Of the 300,000 items circulated through the Hudson Area Library, 63,736 came borrowed in 2013 to local patrons from the MORE library system and from the larger Indianhead Library Federation. Moreover, 66,466 in 2013 got loaned out of the library to other systems. Run very efficiently by 3 full-time employees, the 20 part-time library aides service all the library needs, with the work room behind the front desk buzzing with activity, and all desks throughout the building staffed and assisting people. Aside from Hudson's 10,000 or so residents, the community of the area library covers St. Josephs and Hudson townships, North Hudson village, and even the school district which also appoints one member of the 8-person library board.

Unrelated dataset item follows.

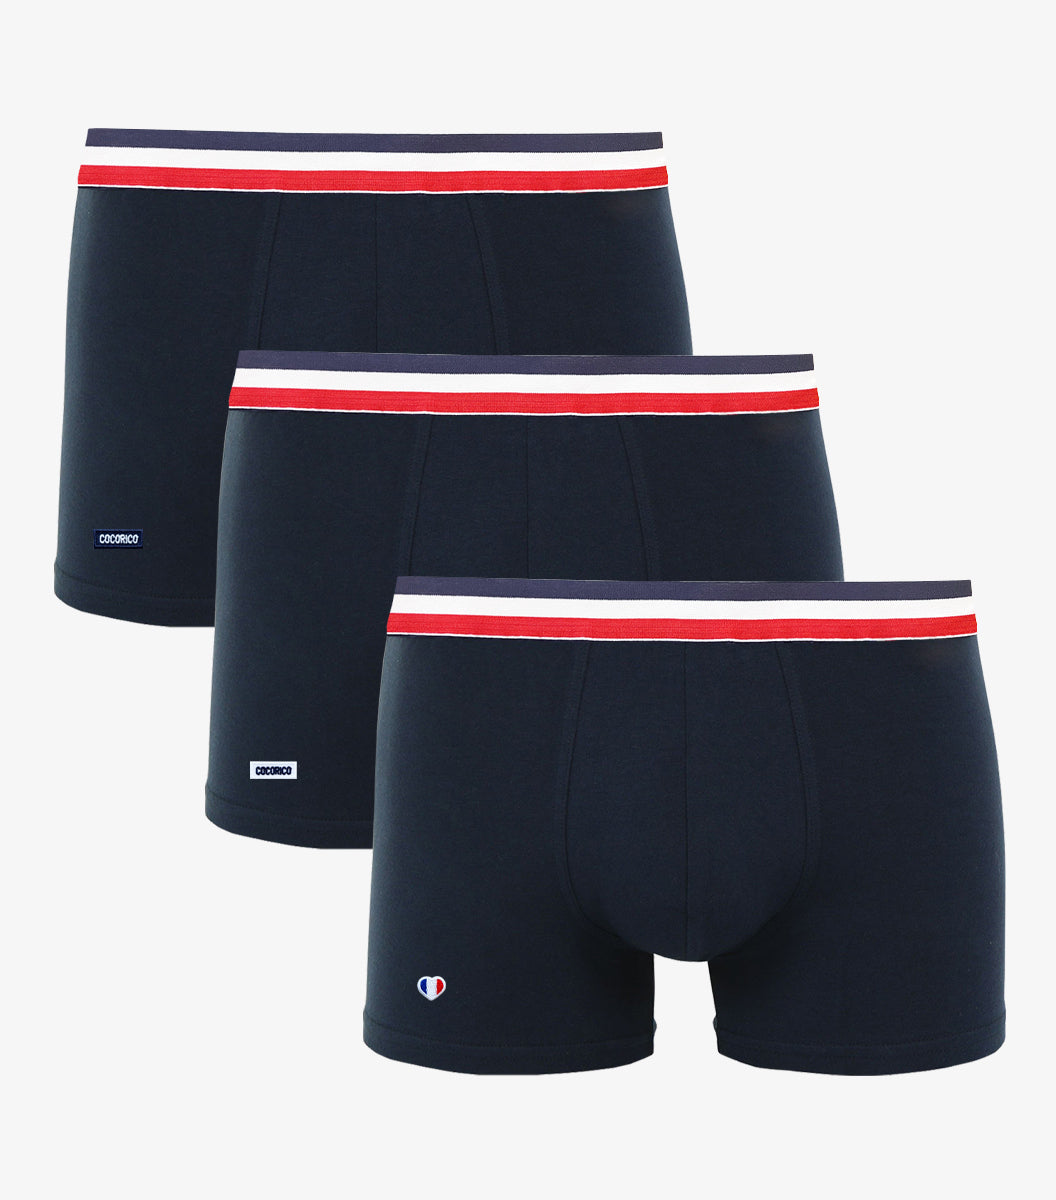 Boxer Homme Supporter Marine x3 - Pack brodé

The active friends of the library, as in every library, do hard volunteer work to support the overall investment of community capital and financial commitments by that community to make this library, like all great libraries, more than a sum of individual parts. Indeed, and not without some objections from citizens, libraries take both resources and commitment to successfully serve the public. And Hudson Area Library faces some challenges in the future, as any great and useful library must address in changing times, and changing technologies.


Primary among them in Hudson, according to Linda Donaldson, comes getting control of the budget, in order to increase the hours of weekly operation from the current 43 hours. Challenges like this, and ones similar, pose more in opportunities than obstacles, and will determine the futures of all the libraries in the St. Croix Valley in how well society learns lessons, good and bad, from 5000 years since the first library in ancient Mesopotamia. In true form to the idea of learning and teaching others, Hudson Area Library intends to shine as an example in its mission statement on the front door, “Where knowledge flows freely.”